Can Pope Francis do what environmental movements like Earth Day and Greenpeace have failed to do—save the planet from human beings? Some pundits believe so. In early summer, Pope Francis is expected to release an historic document detailing the moral imperative to care for the Earth. Called an encyclical, the papal document is designed to convince the world’s 1.2 billion Catholics and others that climate change is a real and present danger that humanity can help to prevent. What remains unclear, the Washington Post rightly points out, is how the pope plans to make the case without disturbing the long-held Catholic view of God’s omnipotence.

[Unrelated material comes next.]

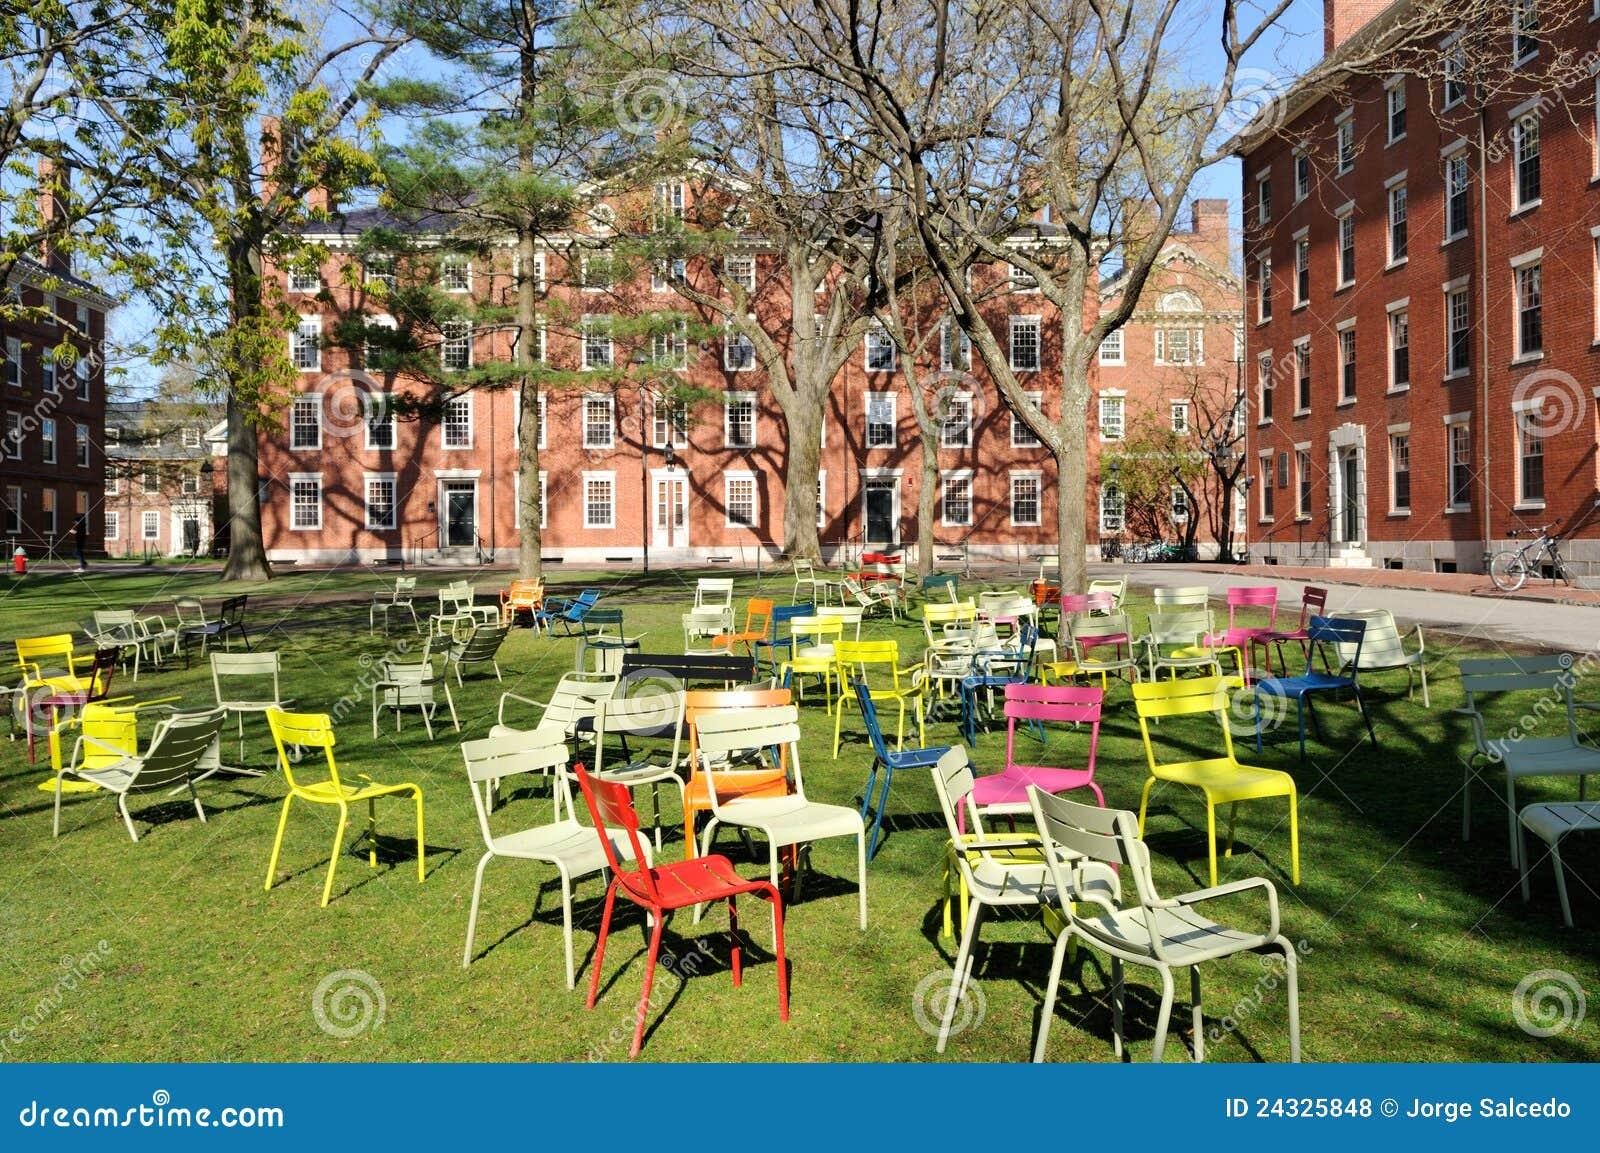 Harvard Yard Royalty Free Stock Photos Image 24325848

Since an encyclical is considered the most authoritative document issued by the Vatican, followers are bound to take notice. The first of its kind to address the link between human activity and ecological maladies, it is creating quite a stir. Some, like Evelyn Tucker, co-director of the Forum on Religion and Ecology at Yale University, believe that the document could sway an unprecedented number of people. She told the Washington Post that appeals to reason and law have been largely ineffectual.
“This is a new moment, when scientists, lawyers and policy people are saying: We need this moral transformation,” she said.
The same pope who reportedly claims all dogs go to heaven and endorsed evolution and the big bang theory is expected to outline what theologians and the pope are calling ‘integral ecology,’ a framework that describes God’s plan to keep balance among all living things. While it is unclear how the Pope will approach dogged ethics issues, not everyone believes he is qualified to lend his voice to the matter in the first place.
First Things contributor and Princeton University Professor Robert George wrote, “Pope Francis does not know whether, or to what extent, the climate changes (in various directions) of the past several decades are anthropogenic – and God is not going to tell him.”
Either way, the encyclical will be published ahead of the December COP 21 UN Climate Change Conference in Paris in order to persuade global leaders to finally adopt a universal agreement to limit greenhouse gas emissions and set the planet on a new, safer path. One that God would approve of.